If events pan out the way I am positing, it would be the Conservatives, not Labour or the Liberal Democrats, who would, in fact, steal the election. It would be our very own Florida 2000 – but with newspaper editors rather than supreme court judges tipping the balance.

What was that about a very British coup?

What utter claptrap. If Kettle thinks that comparisons with 1974 are inappropriate to this situation, his drawing a parallel with Florida in 2000 takes the proverbial – there being no comparison whatsoever. The Groan and its morally and intellectually bankrupt journalists; egregious to the bitter end. It is far worse than anything the Murdoch press can come up with; and if they are the underbelly of the media, the Guardian is the slime in which they slither.

I have a sneaky feeling, though, that the Conservatives will do better than the polls suggest. If I’m right all this will be moot. We’ll see, eh?

10 Comments

  1. I can think of several dates in the 1600s that should concern them more than 1974.

    1381 comes to mind as well.

  2. The Tories always do better than predicted, and Labour worse. Not sure why, possibly because voting for the Left is seen to be altruistic, whereas voting Tory is seen to be selfish. So some people lie and say they’ll vote Left for appearances sake, but actually vote Right. Or more people who say they’ll vote Left are lazy, and don’t vote, despite saying they would.

    The Tories will do better than the media (esp. the BBC) think, and will just about scrape a majority in my view.

  3. 1381 comes to mind as well.

    If only…

    The Tories will do better than the media (esp. the BBC) think, and will just about scrape a majority in my view.

    That’s pretty much what I’m expecting.

  4. LR

    As far as the Guardian – and the BBC for that matter – are concerned a “constitutional crisis” means (at least) a Labour defeat and (at worst) a Conservative government.

  5. The difference, however, is that the Tories seem willing to muscle the conventions and the constitution …

    Is that the same constitution that Labour has systematically been dismantling, since it gained office?

  6. Longrider – “I have a sneaky feeling, though, that the Conservatives will do better than the polls suggest.”
    They didn’t. Yesterdays ‘Poll of Polls’ had Con 36%, Lab 28% Lib/Dem 27%

    The final result is looking almost exactly as the Exit poll last night suggested – and the Conservative are on the exactly same 36%. (If anything they did better than they might have expected and had more ‘undecided’ voting for them rather than for the Lib Dems than they might have hoped for!)

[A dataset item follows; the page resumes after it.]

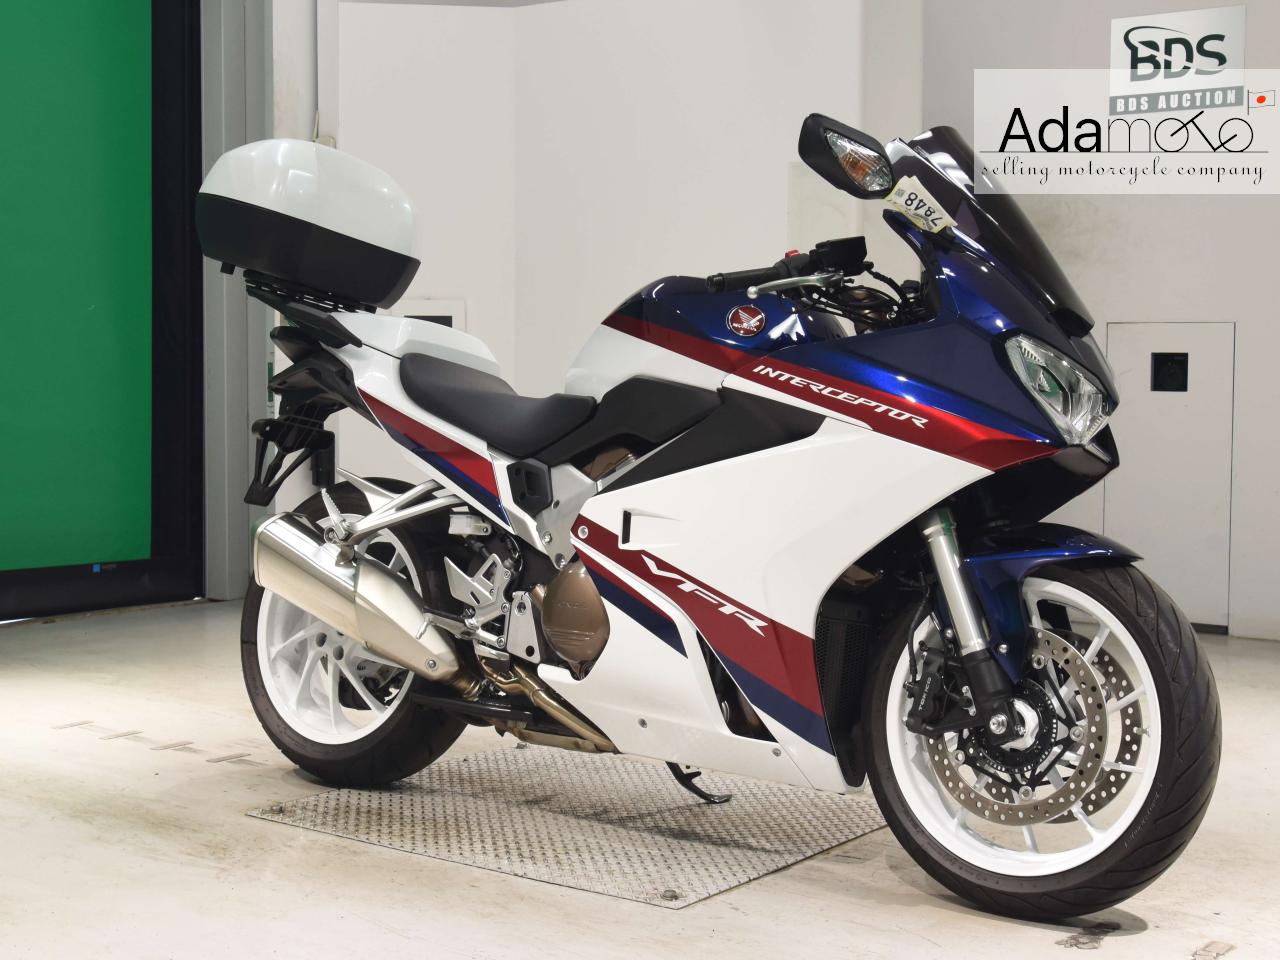 Honda VFR800F - Adamoto - Motorcycles from Japan

  7. I noticed. As I didn’t put any money on it, I’m not losing any sleep over the matter.

    They took back my erstwhile constituency of Kingswood. That was pretty much expected, though, following the local elections a couple of years back.

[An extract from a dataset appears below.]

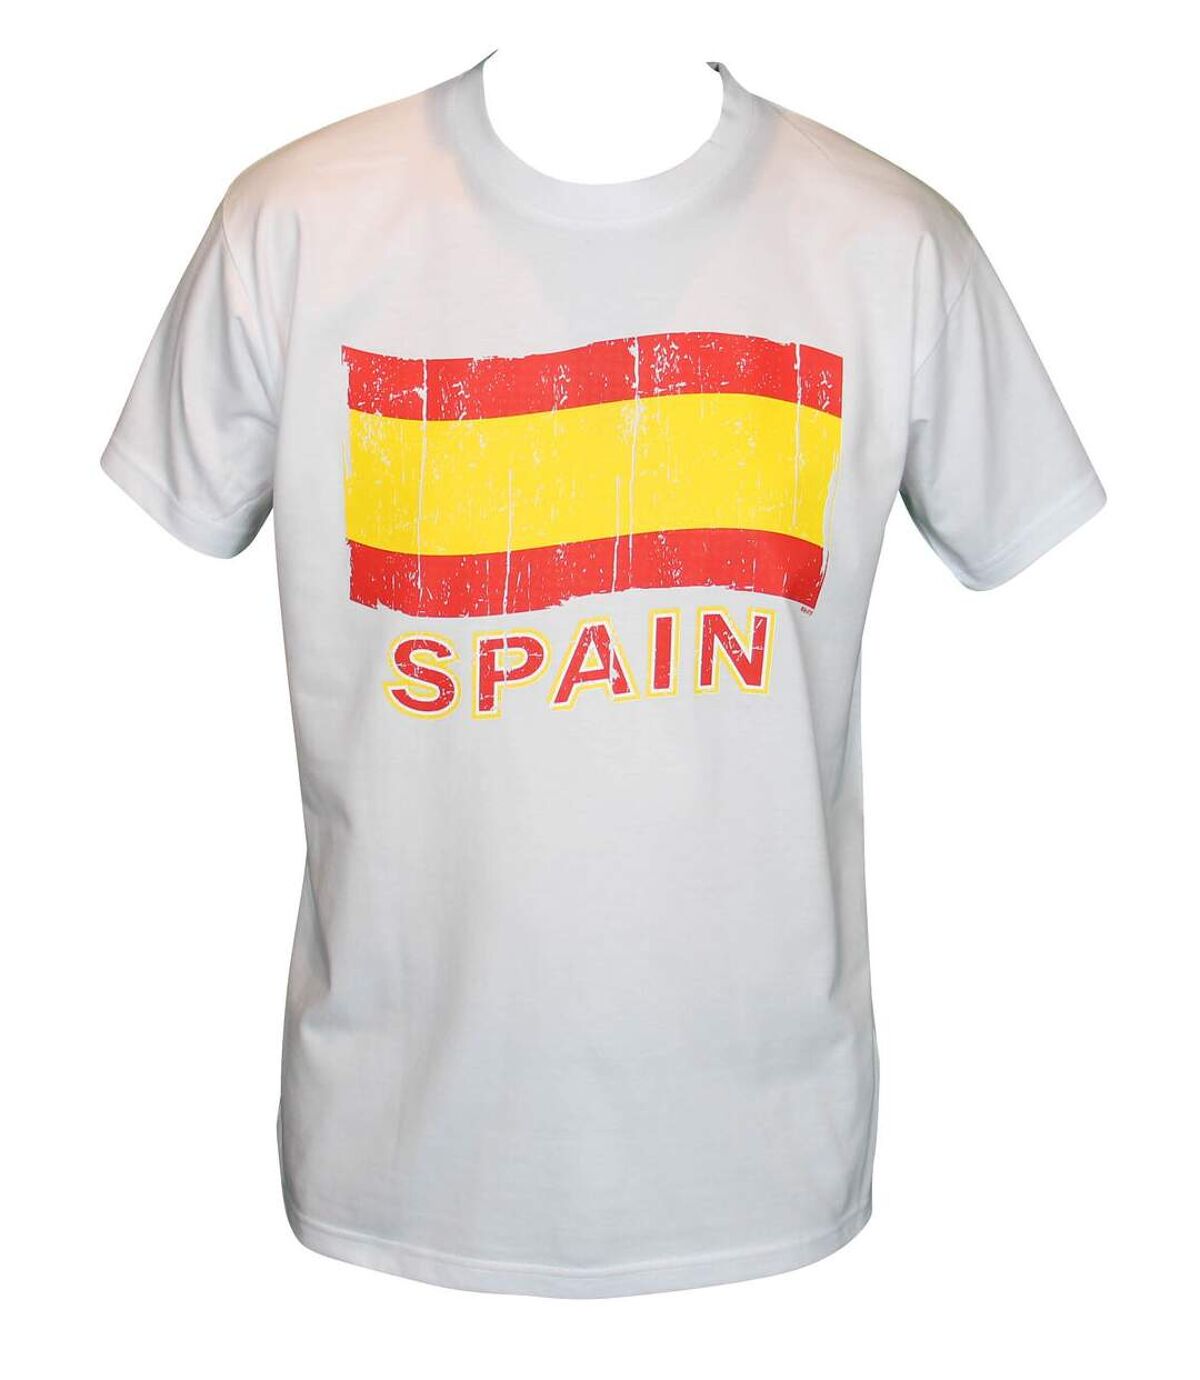 T-shirt homme manches courtes - Espagne 6028 - blanc

  8. Well, the coalition is looking pretty good to start with (can we call them the Con-Dems yet?)

    10. Civil liberties

    The parties agree to implement a full programme of measures to reverse the substantial erosion of civil liberties under the Labour Government and roll back state intrusion.

    This will include:

    # A Freedom or Great Repeal Bill.

    # The scrapping of ID card scheme, the National Identity register, the next generation of biometric passports and the Contact Point Database.

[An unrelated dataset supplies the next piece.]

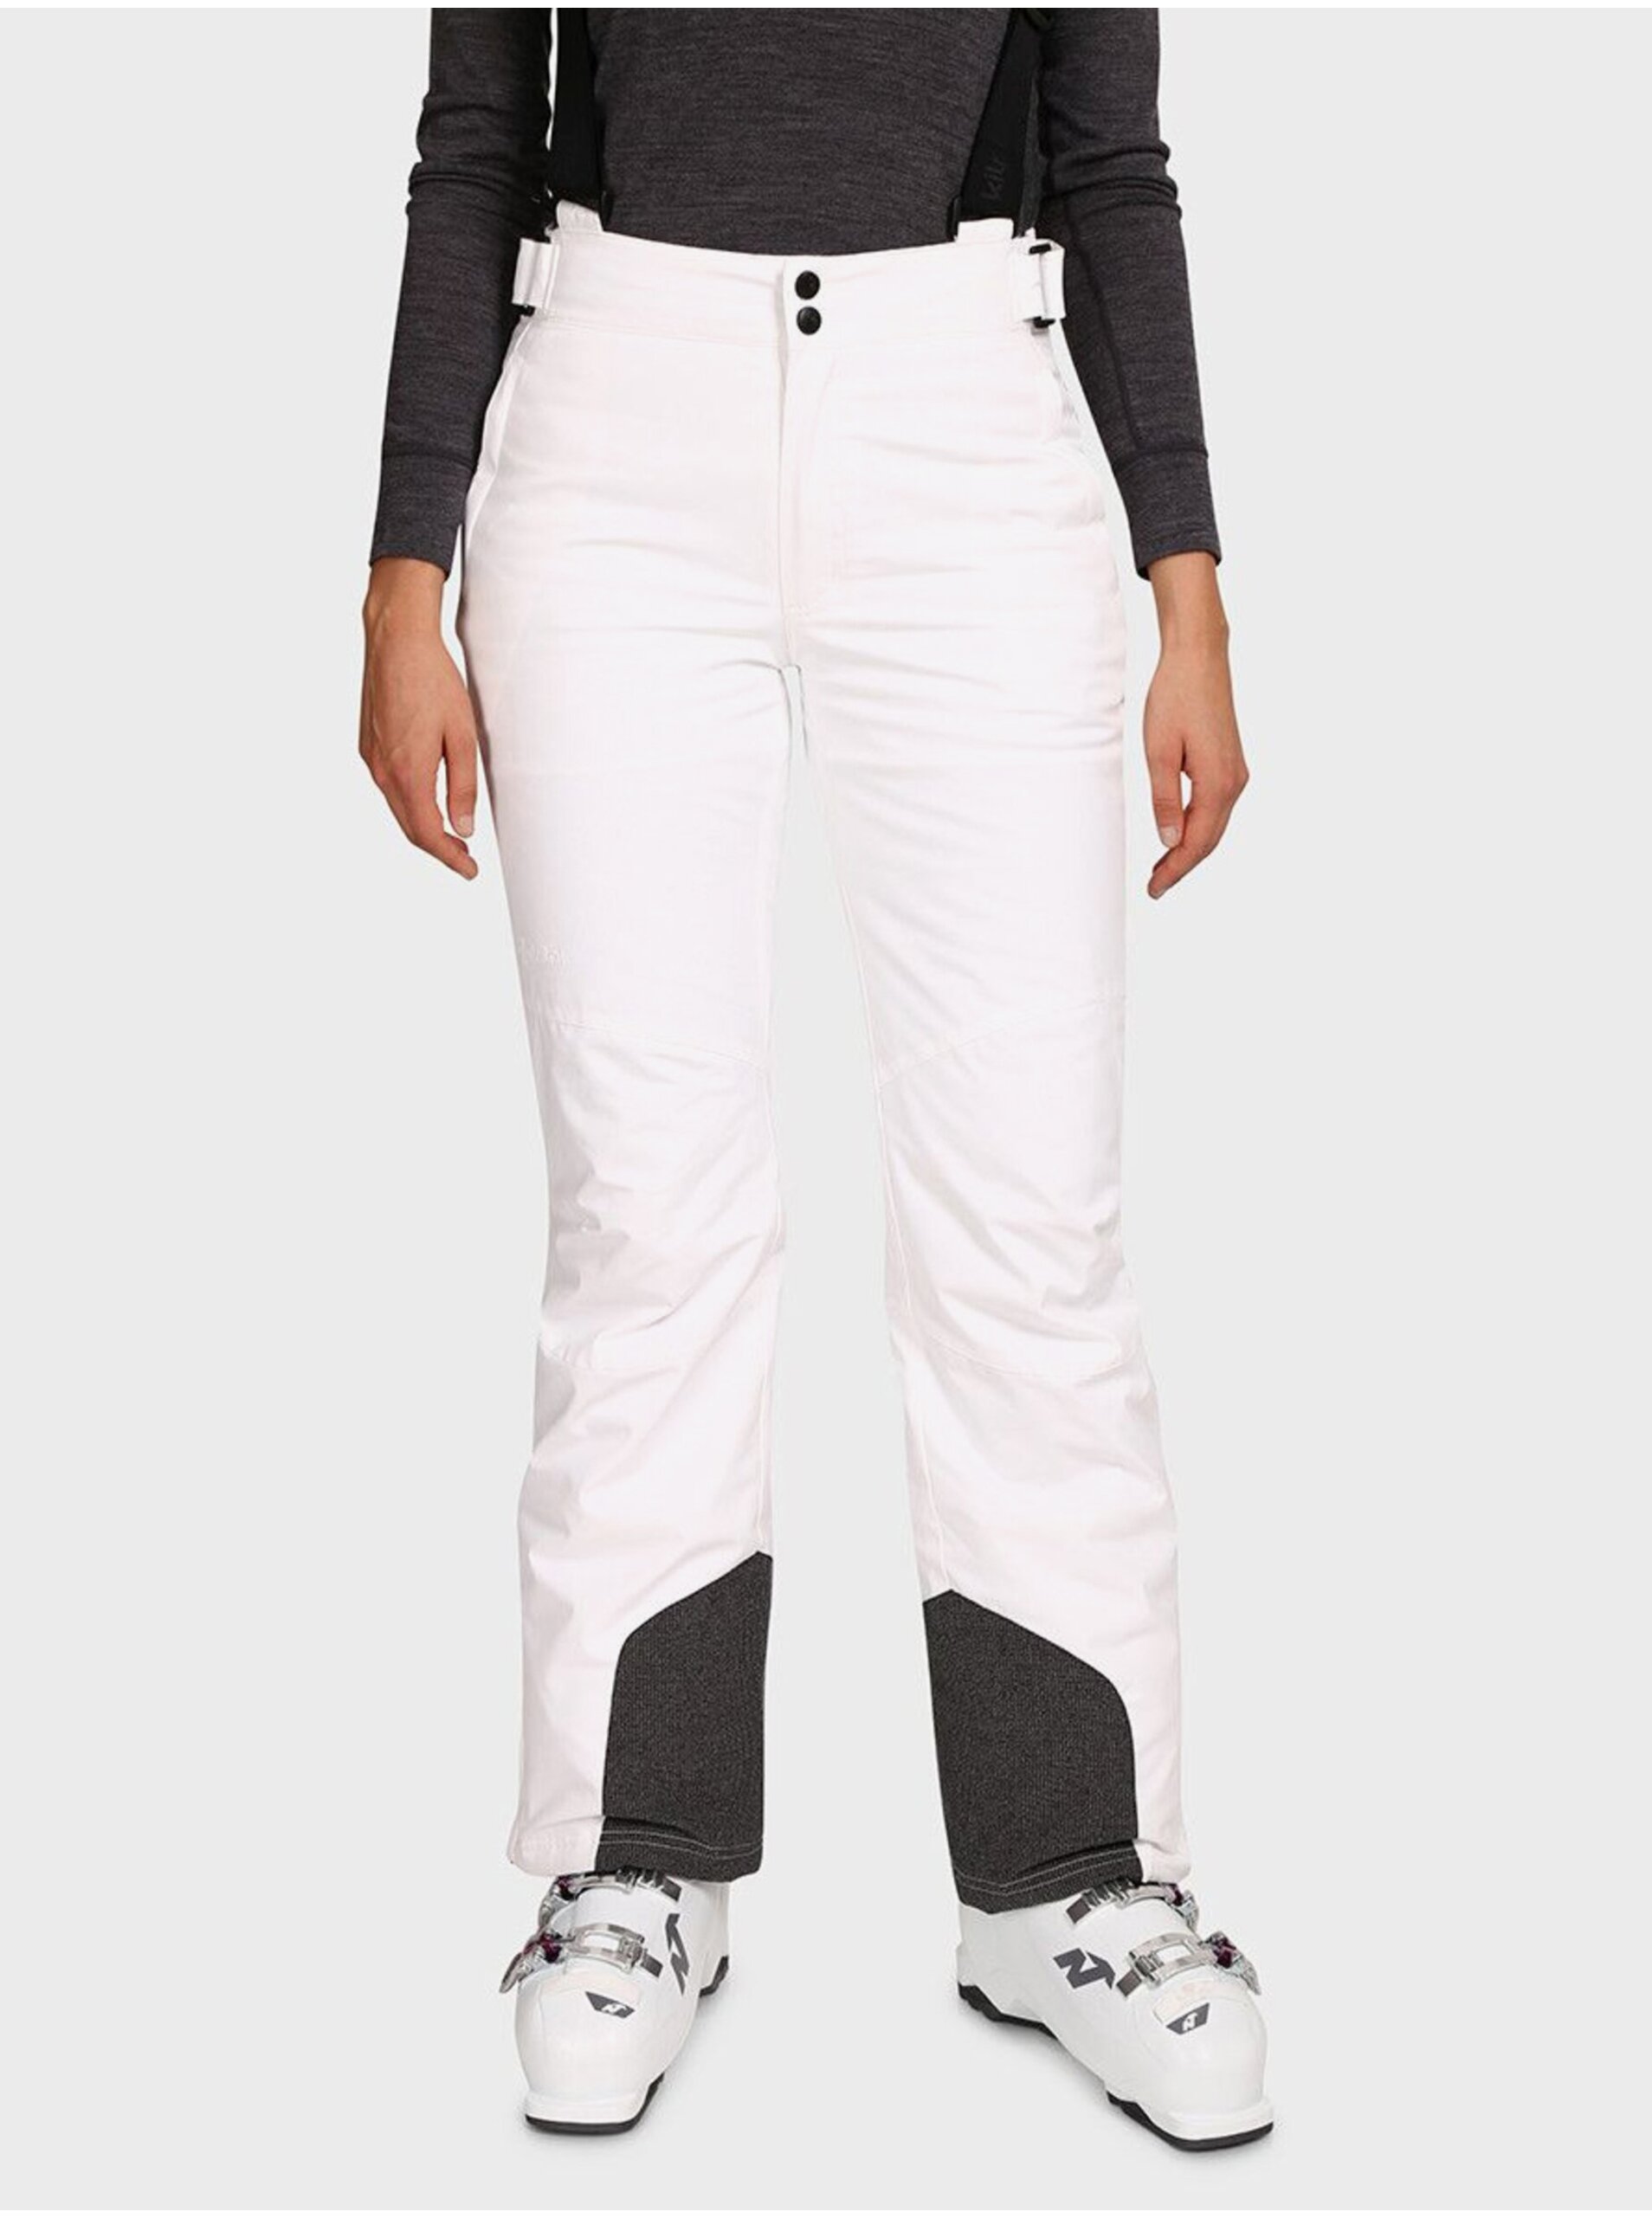 E-shop Bílé dámské lyžařské kalhoty KILPI ELARE

    # Outlawing the finger-printing of children at school without parental permission.

    # The extension of the scope of the Freedom of Information Act to provide greater transparency.

    # Adopting the protections of the Scottish model for the DNA database.

    # The protection of historic freedoms through the defence of trial by jury.

    # The restoration of rights to non-violent protest.

    # The review of libel laws to protect freedom of speech.

    # Safeguards against the misuse of anti-terrorism legislation.

    # Further regulation of CCTV.

    # Ending of storage of internet and email records without good reason.

    # A new mechanism to prevent the proliferation of unnecessary new criminal offences.